Photo of the Mount Elbert Summit
After taking some photos and dance a little, we walk along a different path to connect with the red CDT line. From there we walk a few miles to a crossing that leads to the city of Twin Lakes.
When reading Farout’s comments, we noticed that most restaurants were closed for the season or only served on weekends. My hope was to get some hot food, any hot food, then replenish in the general store and charge electronics, before returning to the path that day.
There was a VW food truck, which served hot burritos, so I got two to more than 1,000 calories to replenish the calories burned on the climb. Then, a storm entered and was approaching quickly. The General Store allowed us to lodge inside while the storm passed for 20-30 minutes, then we relapped and sat outside to load my battery banks in a nearby power outlet.

Hot burritos of this food truck!
A man who left the general store offered me a beer to me and other hikers and we all sit down chatting for an hour and enjoyed the gift. Then another round of beers passed and grabbed a Gatorade ice cream sandwich and store cookies. After that, a place offered us a short trip along the way to the beginning of the path to take us back to the road.
From the way, the road went up and went up to Hope Pass. This is the same path that the runners assume the iconic Leadville 100 career. I was always impressed by the Ultramraathon Challenge, and now to walk with a complete package, I am reflecting on how strong I am and how I could do anything, even this race, if I put my mind and train properly. Devils, I travel on the foot of Canada to Mexico for 4-6 months, and walking with almost daily marathons with 20-30 pounds on my back.

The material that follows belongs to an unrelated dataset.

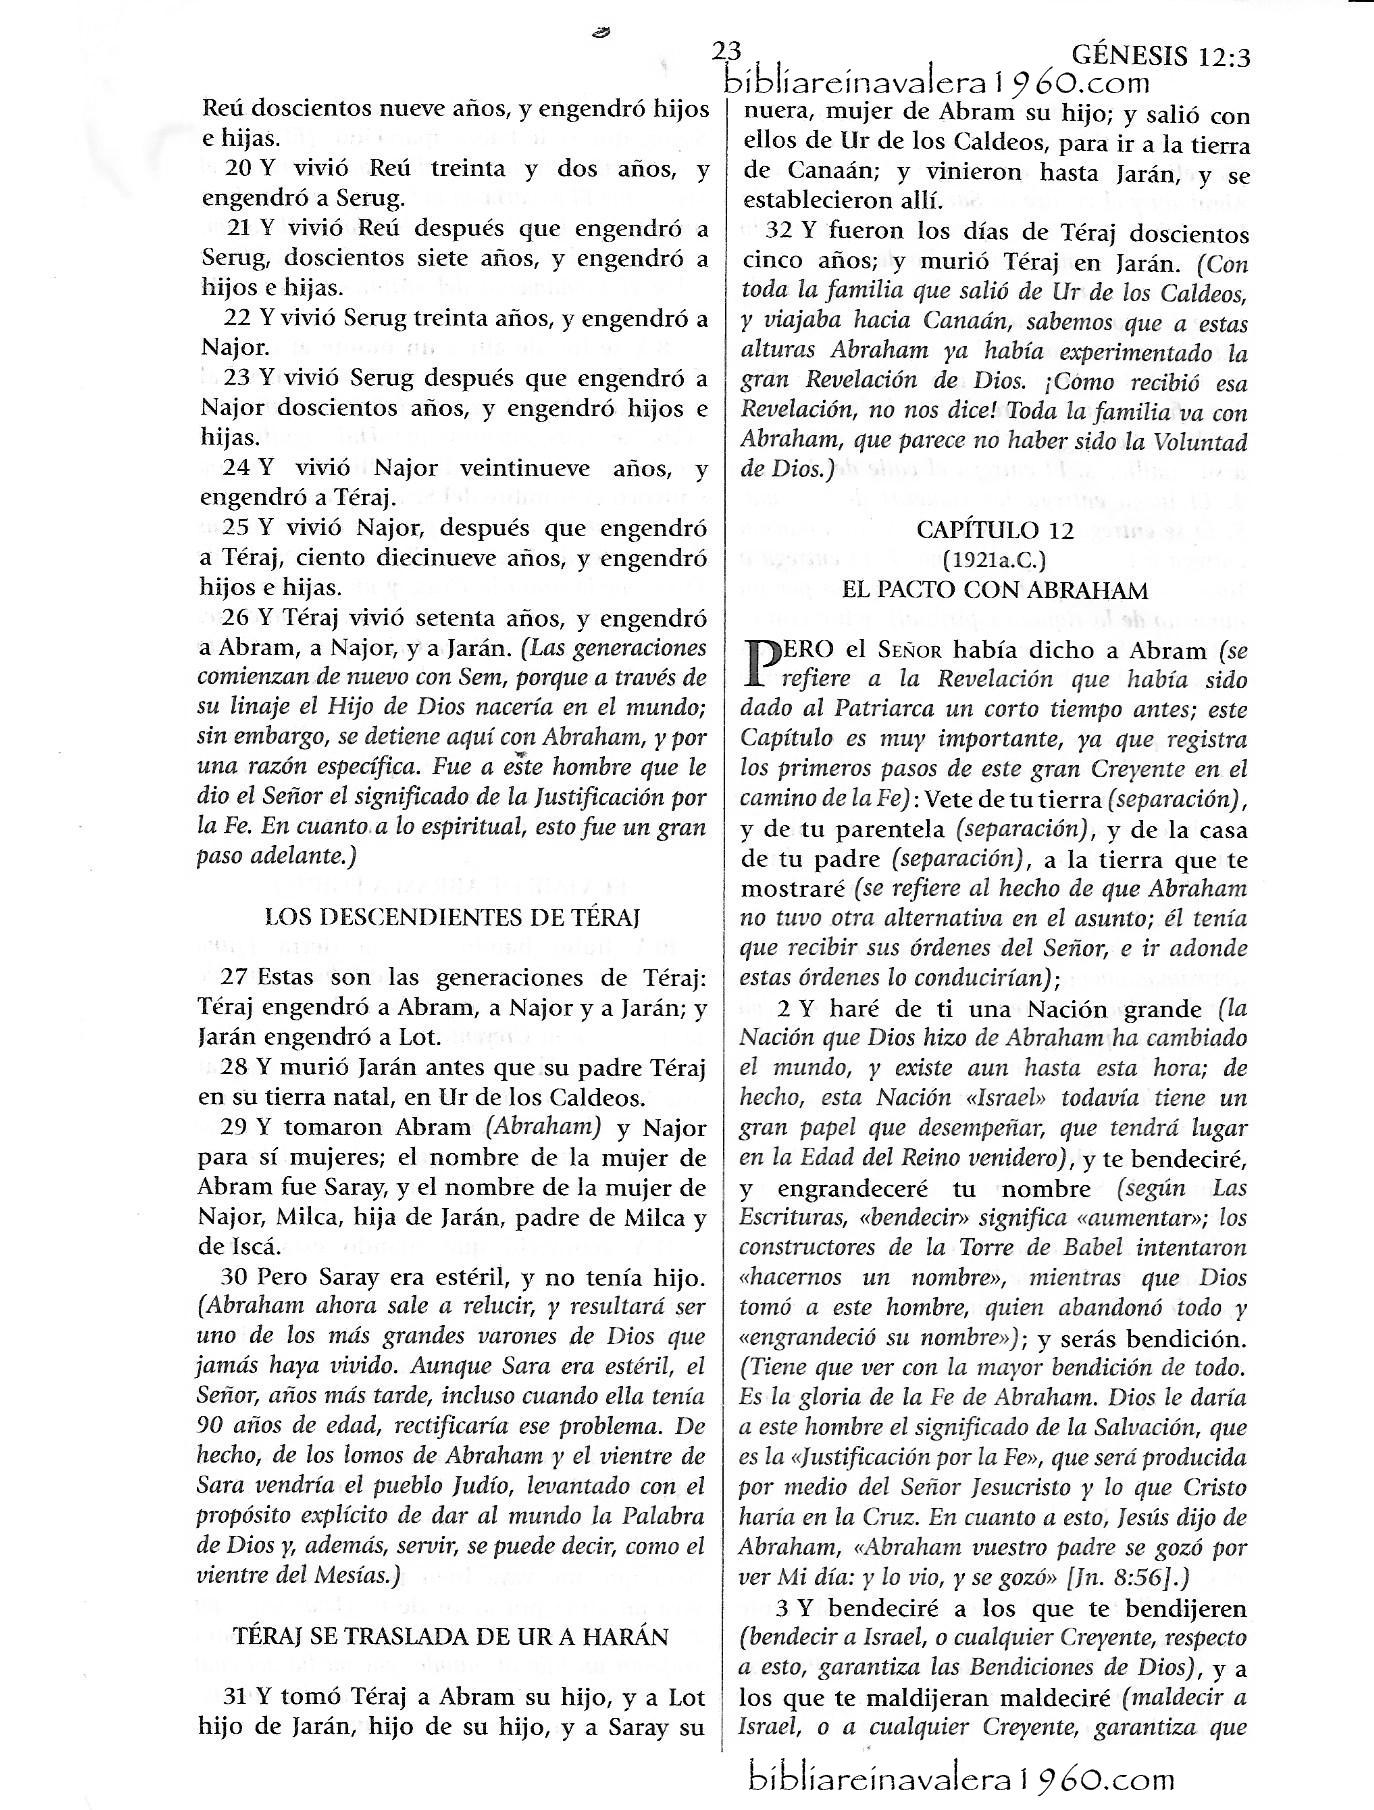 genesis 11 explicacion Genesis 11 Explicacion 23 1

When we approach the Summit of Hope Pass, we continue listening to Thunder and raining from time to time. I all thought that the storm had passed and we could cross safely, another storm rolled. I was tired of the summit of Monte Elbert and did not want to wet before a very cold night at great altitude. Why walk 3 more miles on a pass exposed in a storm, when we could finish early and do it with good weather with fresh legs and energy?
I found a camp next to an old cabin near the water and prepared my store for the first camp in recent memory. It was just after 5 pm and after establishing itself, the storms and intermittent rain continued until night.
Day 84: 25.8 miles
The highlight: Hope Pass. Lake Ann Pass.
I woke up without an alarm for the first time in quite some time on the road. It seems that we always get up early to overcome the weather, make more miles or both. It was 6:20 am and the sun was coming out to be able to prepare without my lighthouse. I boiled water to prepare matcha tea and ate a pop cake before packing my equipment.

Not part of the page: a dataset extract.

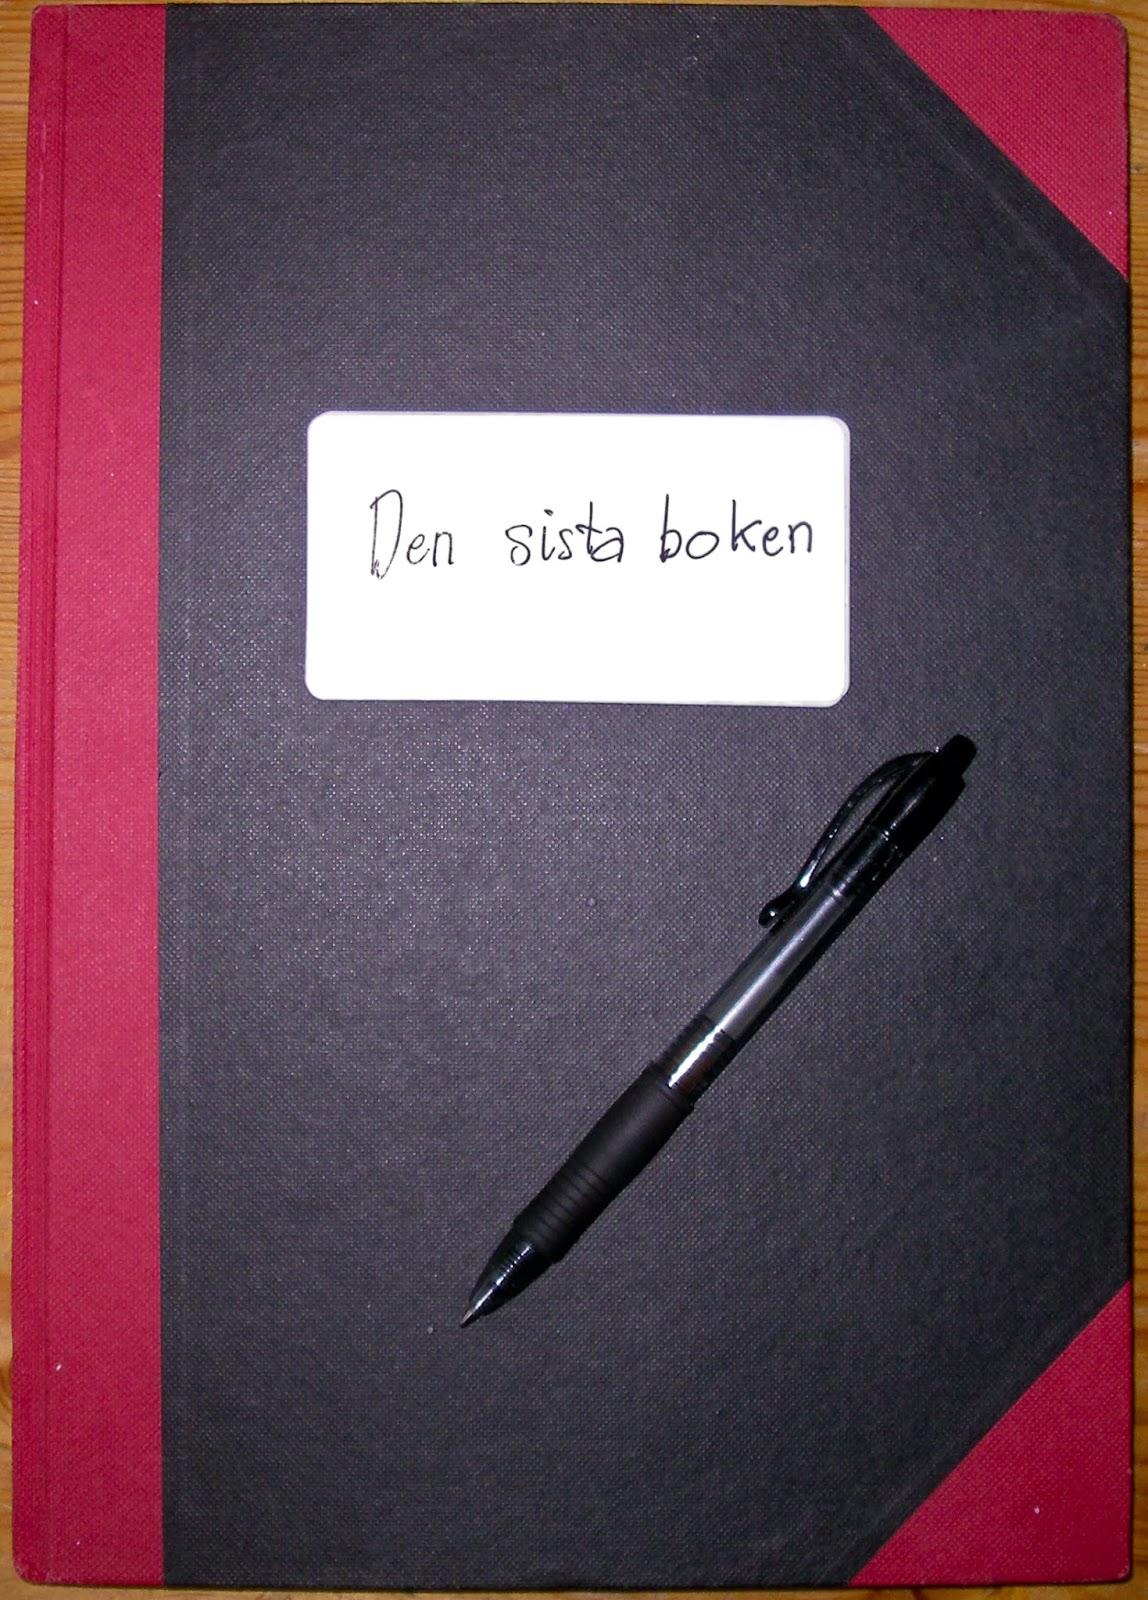 http://texterdaochnu.blogspot.se/2014/01/jag-tankte-att-det-forsta-ordet-borde.html

There was an ice sheet that covered my store when I went out to pack it. I rolled it and felt how heavy it was with all the ice inside. Not wanting to carry all that extra weight, I unrolled it and shook it before packing it again. Even this second time, there was still some ice and the store did not push its bag. My hands were numb, so I only pushed the tent at the top of my backpack and thought I could dry it in the sun today.
The day began with a climb to hope. I was very happy with the decision to wait for the rain, since I could climb with spikes and snow dust views. From the pass, I descended for several miles before walking up to the second pass for the day, Lake Ann Pass.

Snow -covered approach for the hope of hope
As one assumes that we pass the Alpine lake on our way to the pass. The Pika was very active today and collected food for his hairs. From the pass, I continued on the red line CDT in a newly created part of the path that moved him away from a dirt road and on one track.
At the end of the day, I started my next climb to Cottonwood Pass. I walked until 7 pm and then looked for a camp so that the night was installed before it was dark. Today, midnight left a little in front of me and took an alternative to go to a nearby thermal source at night, so I camped alone and ate in the dark before preparing myself for the bed.